From: Nadav Amit <namit@vmware.com>
To: Bjorn Helgaas <bhelgaas@google.com>
Cc: Andrew Morton <akpm@linux-foundation.org>,
LKML <linux-kernel@vger.kernel.org>,
Linux-MM <linux-mm@kvack.org>, Borislav Petkov <bp@suse.de>,
Toshi Kani <toshi.kani@hpe.com>,
Peter Zijlstra <peterz@infradead.org>,
Dave Hansen <dave.hansen@linux.intel.com>,
Dan Williams <dan.j.williams@intel.com>,
Ingo Molnar <mingo@kernel.org>
Subject: Re: [PATCH 3/3] resource: Introduce resource cache
Date: Wed, 19 Jun 2019 20:35:14 +0000 [thread overview]
Message-ID: <9175AC33-BB3A-4D1F-B7FC-D0B1A8F971B6@vmware.com> (raw)
In-Reply-To: <CAErSpo5eiweMk2rfT81Kwnpd=MZsOa01prPo_rAFp-MZ9F2xdQ@mail.gmail.com>
> On Jun 19, 2019, at 6:00 AM, Bjorn Helgaas <bhelgaas@google.com> wrote:
>
> On Tue, Jun 18, 2019 at 12:40 AM Nadav Amit <namit@vmware.com> wrote:
>>> On Jun 17, 2019, at 10:33 PM, Nadav Amit <namit@vmware.com> wrote:
>>>
>>>> On Jun 17, 2019, at 9:57 PM, Andrew Morton <akpm@linux-foundation.org> wrote:
>>>>
>>>> On Wed, 12 Jun 2019 21:59:03 -0700 Nadav Amit <namit@vmware.com> wrote:
>>>>
>>>>> For efficient search of resources, as needed to determine the memory
>>>>> type for dax page-faults, introduce a cache of the most recently used
>>>>> top-level resource.

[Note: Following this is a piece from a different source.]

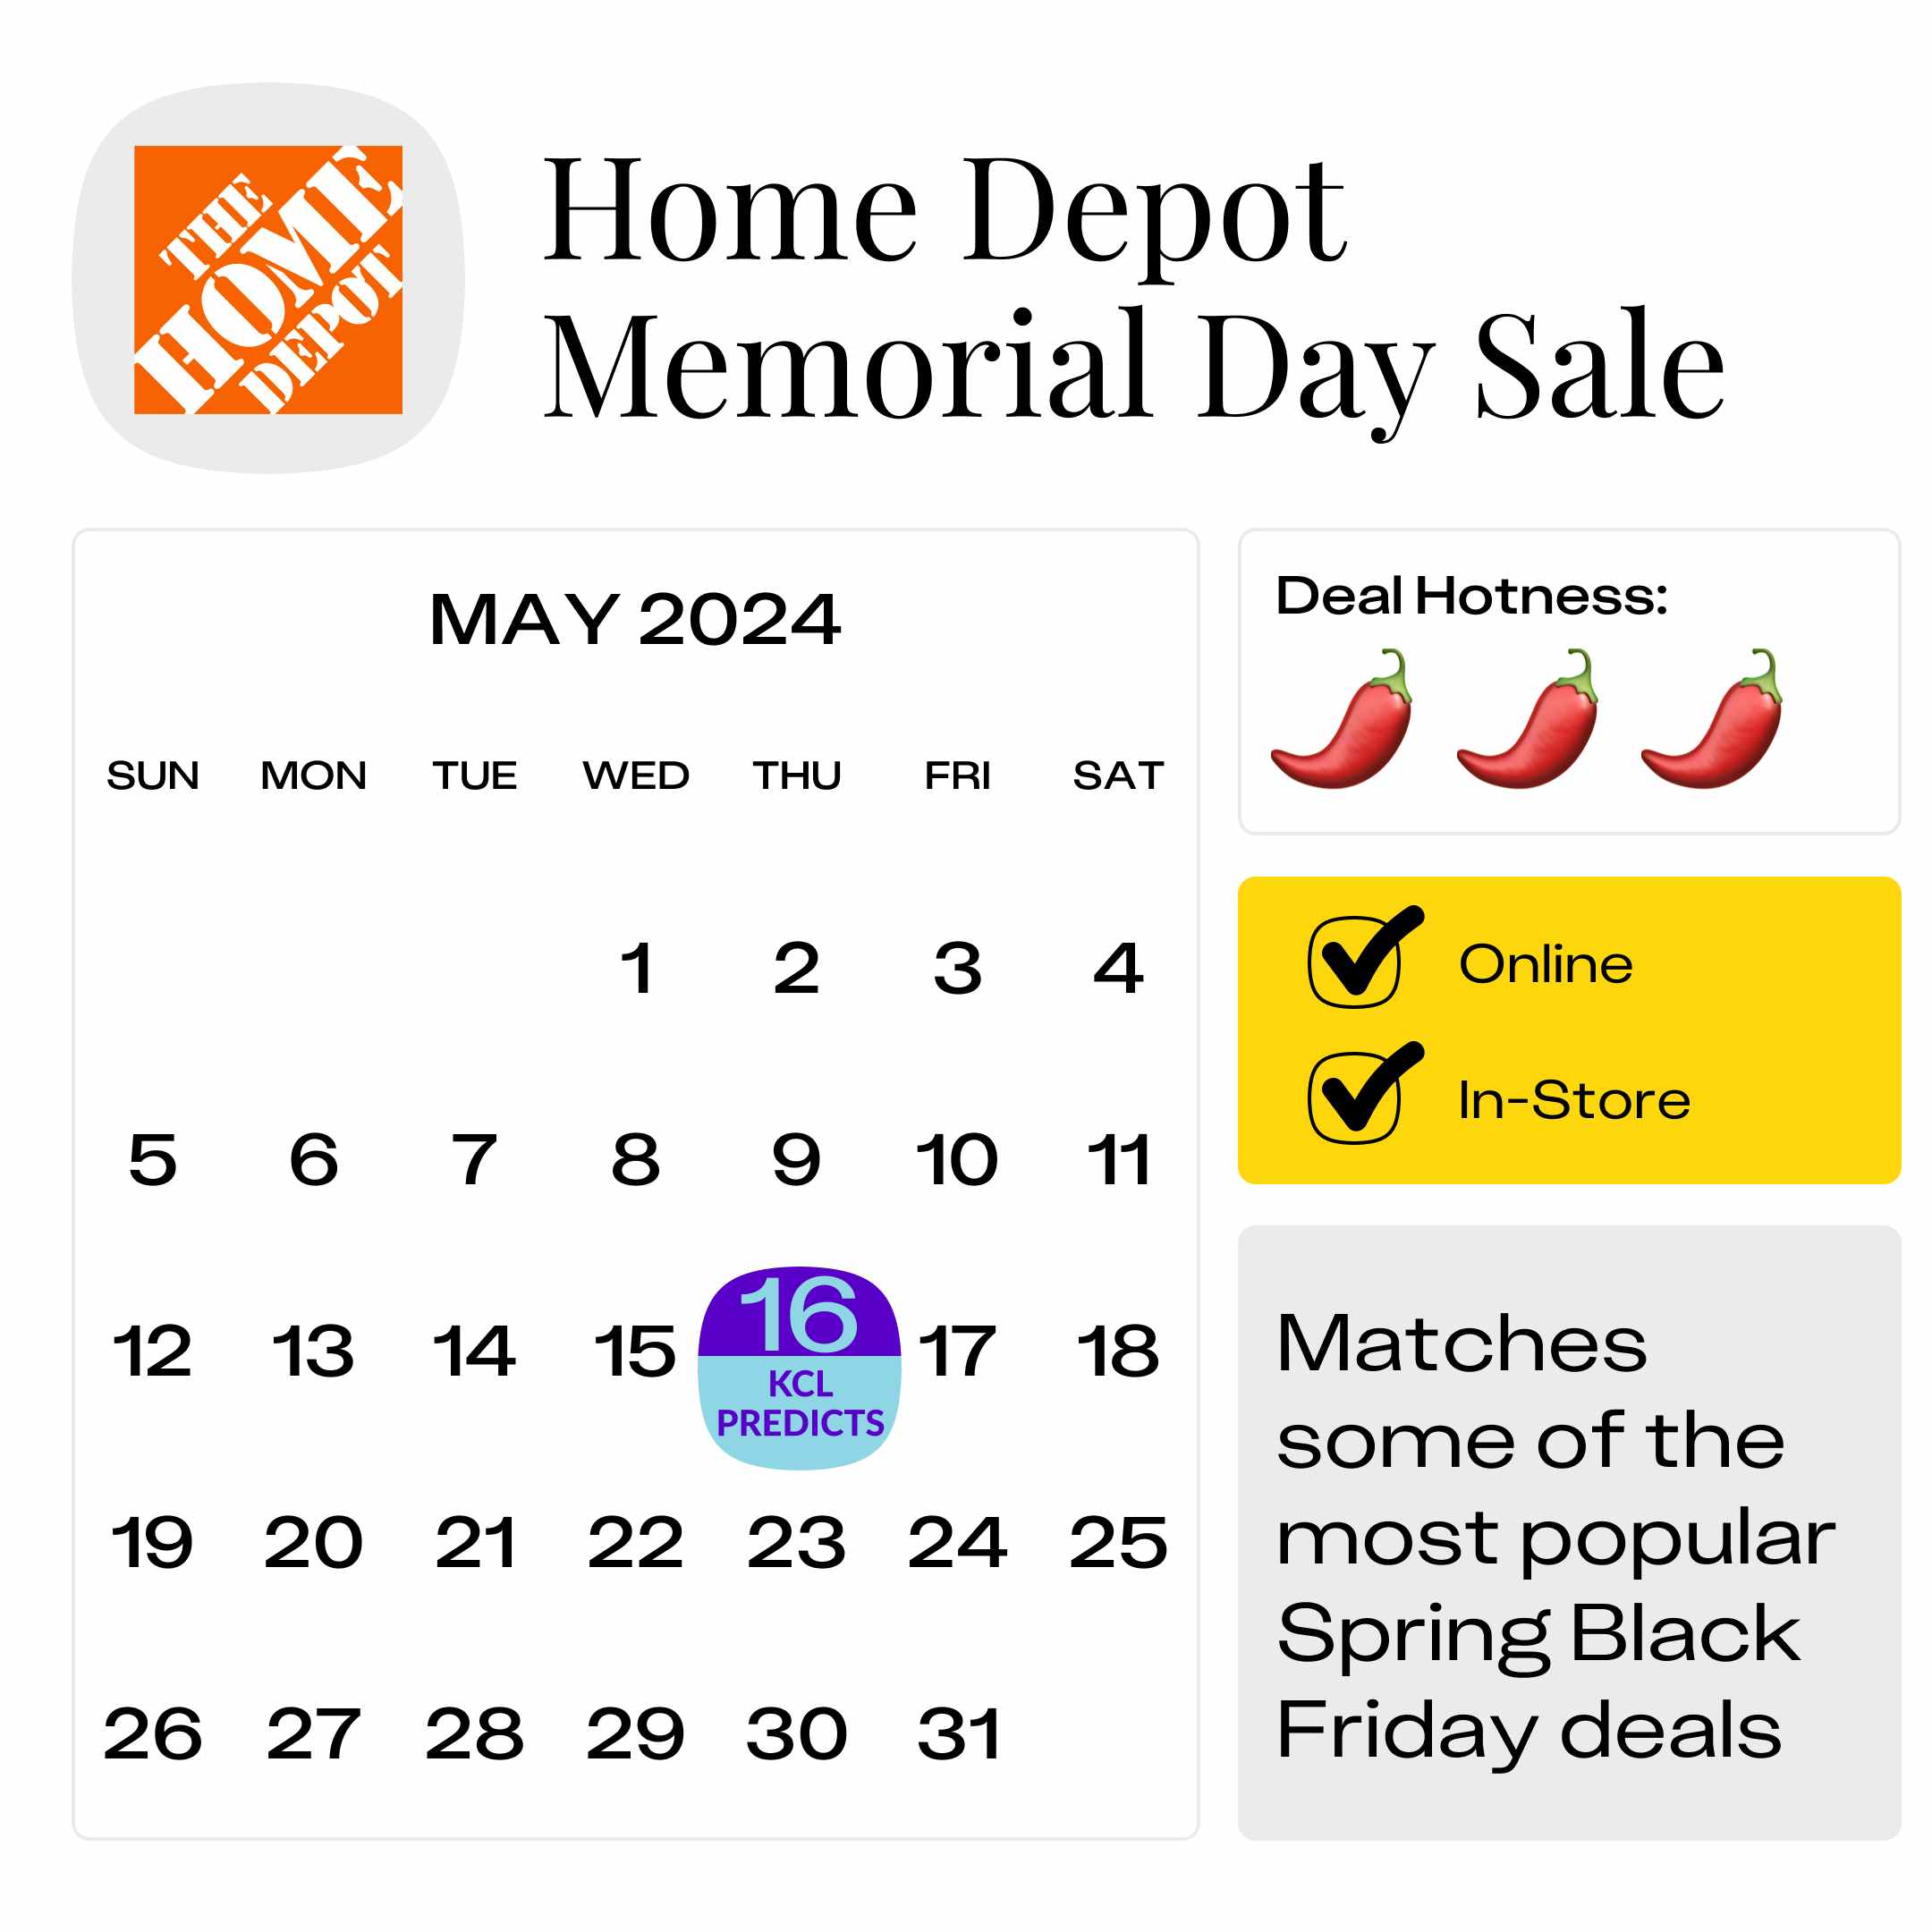 A calendar showing the predicted Home Depot Memorial Day sale date: Thursday, May 16, 2024.

Caching the top-level should be safe as ranges in
>>>>> that level do not overlap (unlike those of lower levels).
>>>>>
>>>>> Keep the cache per-cpu to avoid possible contention. Whenever a resource
>>>>> is added, removed or changed, invalidate all the resources. The
>>>>> invalidation takes place when the resource_lock is taken for write,
>>>>> preventing possible races.
>>>>>
>>>>> This patch provides relatively small performance improvements over the
>>>>> previous patch (~0.5% on sysbench), but can benefit systems with many
>>>>> resources.
>>>>
>>>>> --- a/kernel/resource.c
>>>>> +++ b/kernel/resource.c
>>>>> @@ -53,6 +53,12 @@ struct resource_constraint {
>>>>>
>>>>> static DEFINE_RWLOCK(resource_lock);
>>>>>
>>>>> +/*
>>>>> + * Cache of the top-level resource that was most recently use by
>>>>> + * find_next_iomem_res().
>>>>> + */
>>>>> +static DEFINE_PER_CPU(struct resource *, resource_cache);
>>>>
>>>> A per-cpu cache which is accessed under a kernel-wide read_lock looks a
>>>> bit odd - the latency getting at that rwlock will swamp the benefit of
>>>> isolating the CPUs from each other when accessing resource_cache.
>>>>
>>>> On the other hand, if we have multiple CPUs running
>>>> find_next_iomem_res() concurrently then yes, I see the benefit. Has
>>>> the benefit of using a per-cpu cache (rather than a kernel-wide one)
>>>> been quantified?
>>>
>>> No. I am not sure how easy it would be to measure it. On the other hander
>>> the lock is not supposed to be contended (at most cases). At the time I saw
>>> numbers that showed that stores to “exclusive" cache lines can be as
>>> expensive as atomic operations [1]. I am not sure how up to date these
>>> numbers are though. In the benchmark I ran, multiple CPUs ran
>>> find_next_iomem_res() concurrently.
>>>
>>> [1] https://nam04.safelinks.protection.outlook.com/?url=http%3A%2F%2Fsigops.org%2Fs%2Fconferences%2Fsosp%2F2013%2Fpapers%2Fp33-david.pdf&data=02%7C01%7Cnamit%40vmware.com%7Ca2706c5ab2c544283f3b08d6f4b6152b%7Cb39138ca3cee4b4aa4d6cd83d9dd62f0%7C0%7C1%7C636965460234022371&sdata=cD7Nhs4jcJGMD7Lav6D%2BC6E5Sei0DiWhKXL7vz2cVHA%3D&reserved=0
>>
>> Just to clarify - the main motivation behind the per-cpu variable is not
>> about contention, but about the fact the different processes/threads that
>> run concurrently might use different resources.
>
> IIUC, the underlying problem is that dax relies heavily on ioremap(),
> and ioremap() on x86 takes too long because it relies on
> find_next_iomem_res() via the __ioremap_caller() ->
> __ioremap_check_mem() -> walk_mem_res() path.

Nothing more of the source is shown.